Особо любимых нет. Вспомнил встречу Реаля и Хуареса в "Мужчине из розового кафе":
Для нас он пока еще не был Франциско Реаль, а высокий и крепкий парень, весь в черном, со светло-коричневым шарфом через плечо. Остроскульным лицом своим, помнится, смахивал на индейца.

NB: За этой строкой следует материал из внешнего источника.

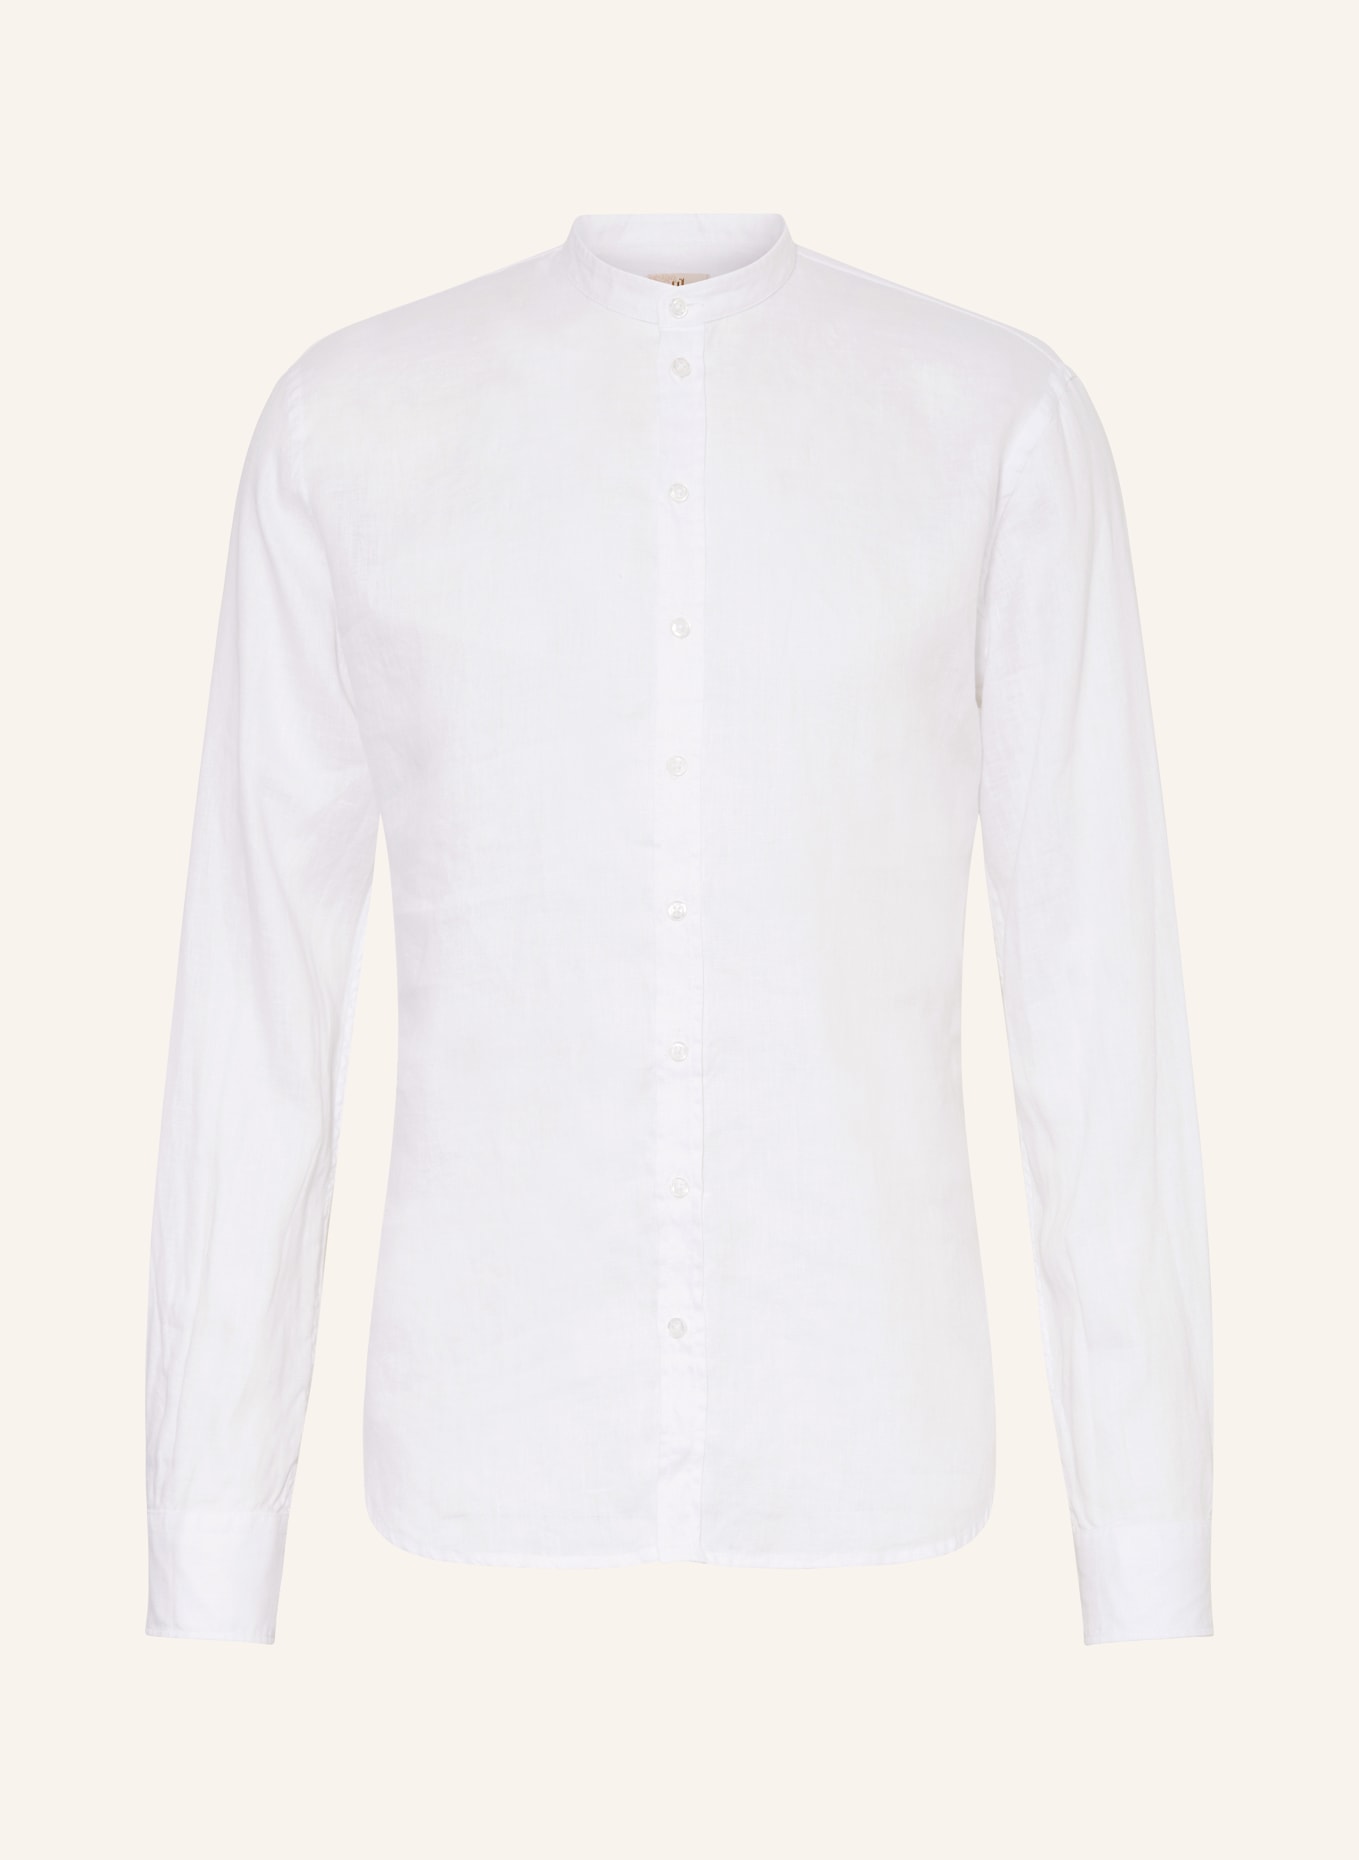 Q1 Manufaktur Linen shirt slim relaxed fit with stand-up collar, Color: WHITE (Image 1)

Когда дверь распахнулась, она меня стукнула. Я опешил и тут же невольно хватил его левой рукой по лицу, а правой взялся за нож, спрятанный слева в разрезе жилета. Но я недолго воевал. Пришелец сразу дал мне понять, что он малый не промах: вмиг выбросил руки вперед и отшвырнул меня, как щенка, путающегося под ногами. Я так и остался сидеть, засунув руку за жилет, сжав рукоятку ненужного оружия. А он пошел как ни в чем не бывало дальше. Шел, и был выше всех тех, кого раздвигал, и словно бы их всех не видел. Сначала-то первые – сплошь итальянцы-раззявы – веером перед ним расступились. Так было сначала. А в следующих рядах стоял уже наготове Англичанин, и раньше, чем чужак его оттолкнул, он плашмя ударил того клинком. Стоило видеть этот удар, тут все и распустили руки. Заведение было десятка с два метров в длину, и чужака прогоняли почти как сквозь строй: били, плевали, свистели, от конца до конца. Поначалу пинали ногами, потом, видя, что сдачи он не дает, стали попросту шлепать ладонью или похлестывать шарфом, словно издеваясь над ним. И еще словно бы охраняя его для Росендо, который, однако, не двигался с места и молча стоял, прислонившись спиной к задней стенке барака. Он спешно затягивался сигаретой, будто уже видел то, что открылось нам позже. Резатель, окровавленный и словно окаменевший, был вынесен к нему волнами шутейной потасовки. Освистанный, исхлестанный, заплеванный, он начал говорить только тогда, когда узрел перед собой Росендо. Уставился на него, отер лицо рукой и сказал:
– Я – Франсиско Реаль, пришел с Севера. Я – Франсиско Реаль, по прозвищу Резатель. Мне не до этих заморышей, задиравших меня, – мне надо найти мужчину. Ходят слухи, что в ваших краях есть отважный боец на ножах, душегуб, и зовут его люди – Грешник. Я хочу повстречаться с ним да попросить показать мне, безрукому, что такое смельчак и мастер.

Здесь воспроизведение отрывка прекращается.